The Mudcat Café TM
Thread #17058   Message #2201509
Posted By: GUEST,Karen Kaplan of Toronto
24-Nov-07 - 04:05 PM
Thread Name: Penguin: Banks Of Green Willow
Subject: RE: Penguin: Banks Of Green Willow
In response to Brian Peters two questions, looking through the seven versions (of which two have only one verse so only five are relevant) in "Cecil Sharp's Collection of Engllish Folk Songs" edited by Maud Karpeles...

1)
One version is from Mrs Overd, sung 22 August 1904. It has the "Look how my love's swimming along" verse as given in Bronson.

In none of the five relevant versions does she "tumble" and "taver"

However,..
"totter" and "tumber" appear in the Elizabeth Mogg version
"taver" appears in the Louie Hooper version
"totters" and "tremble" appear in the Jane Guilford version
"rollin'" and "tumblin'" appear in the W.Spearing version

But only Mrs. Overd's version has "which makes my heart quaver" or anything like it. None of the other four indicate that he is fearful. Contrite, perhaps, what with wanting to go after her with a small boat and/or provide her a coffin (in some versions one could think he hopes to prevent her death after all; in others it seems he simply wants to retrieve the bodies)

2)
None of these five refer to ill-fortune suffered by the ship.
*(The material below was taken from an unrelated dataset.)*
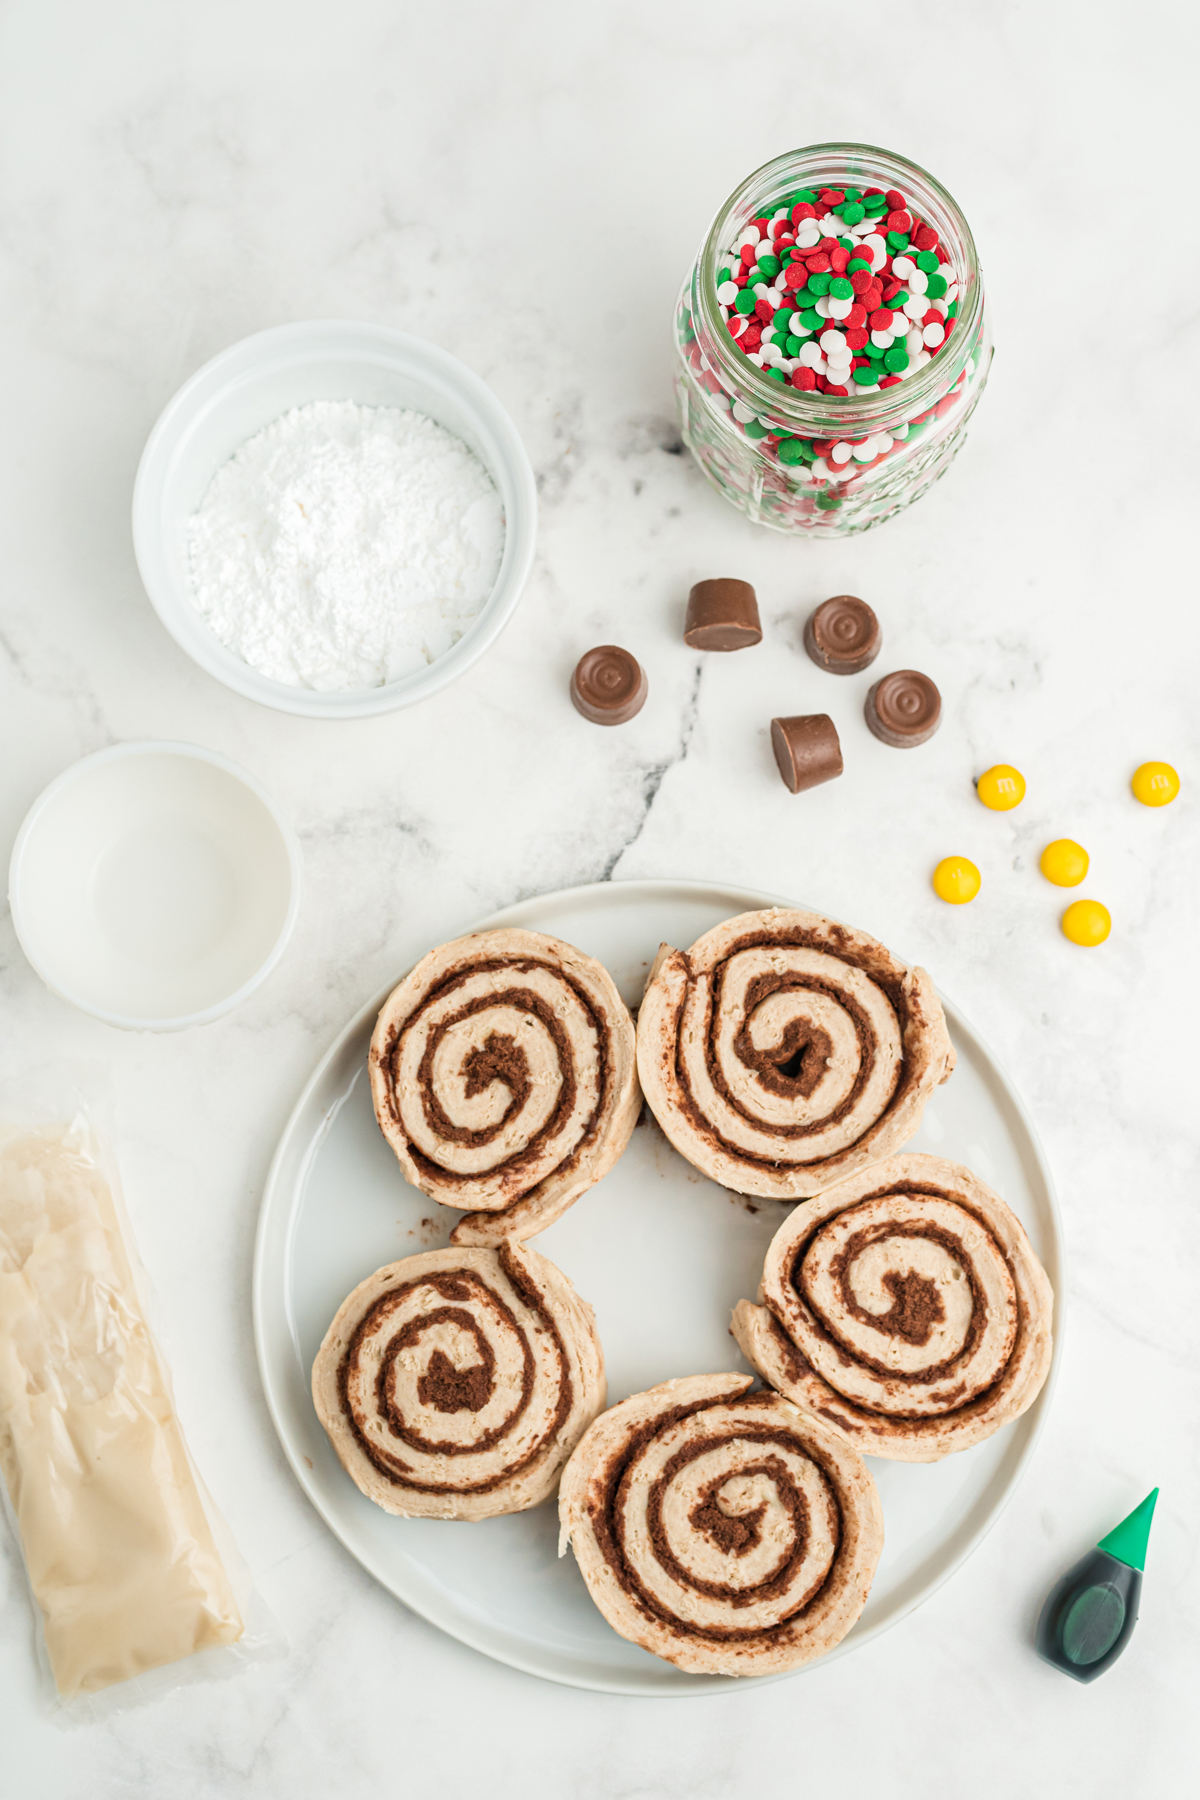 Ingredients of Christmas Tree Cinnamon Rolls on a white counter. These are the following: refrigerated cinnamon rolls, confectioner's sugar, water, green food coloring gel, Christmas sprinkles, yellow M&Ms, miniature peanut butter cups or Rolo candies unwrapped. 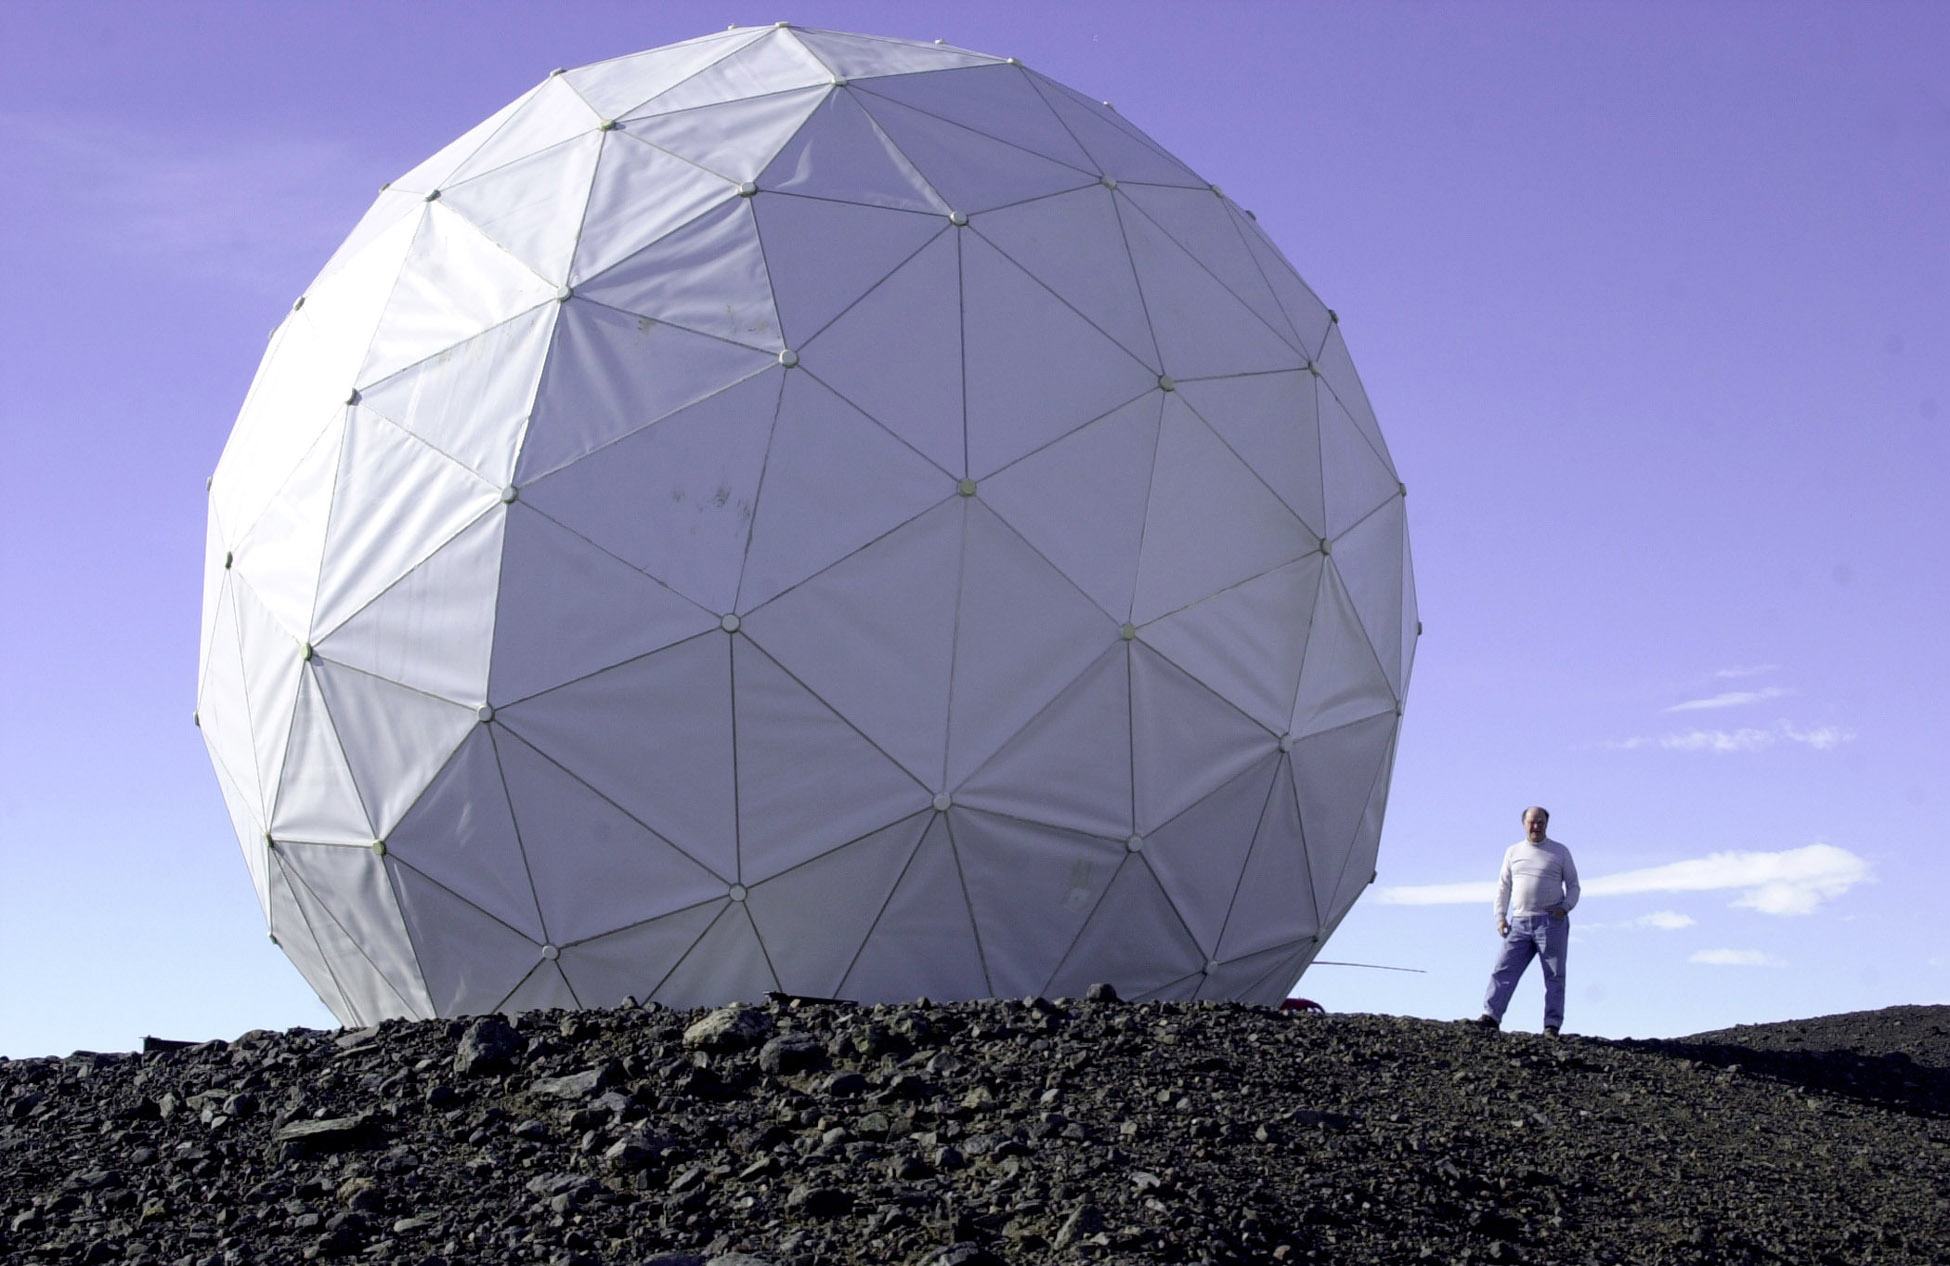 A man stands next to a large geodesic sphere on rocky ground.

In Louie Hooper's version he "was troubled / with her and her baby". In some she asks to be thrown overboard. In some she asks to be sent or taken back home. Conceivably those requests (or her misery and complaining that those requests may represent) could have angered him.

On the other hand, perhaps the idea that the ship would be in trouble due to the woman and her baby and her malfeasance was so well understood it did not need to be included in the song. (In my reading, HE was as culpable as SHE, but I've just been reminded by reading "Albion's Seed" of how deeply double the double standard was in these matters.)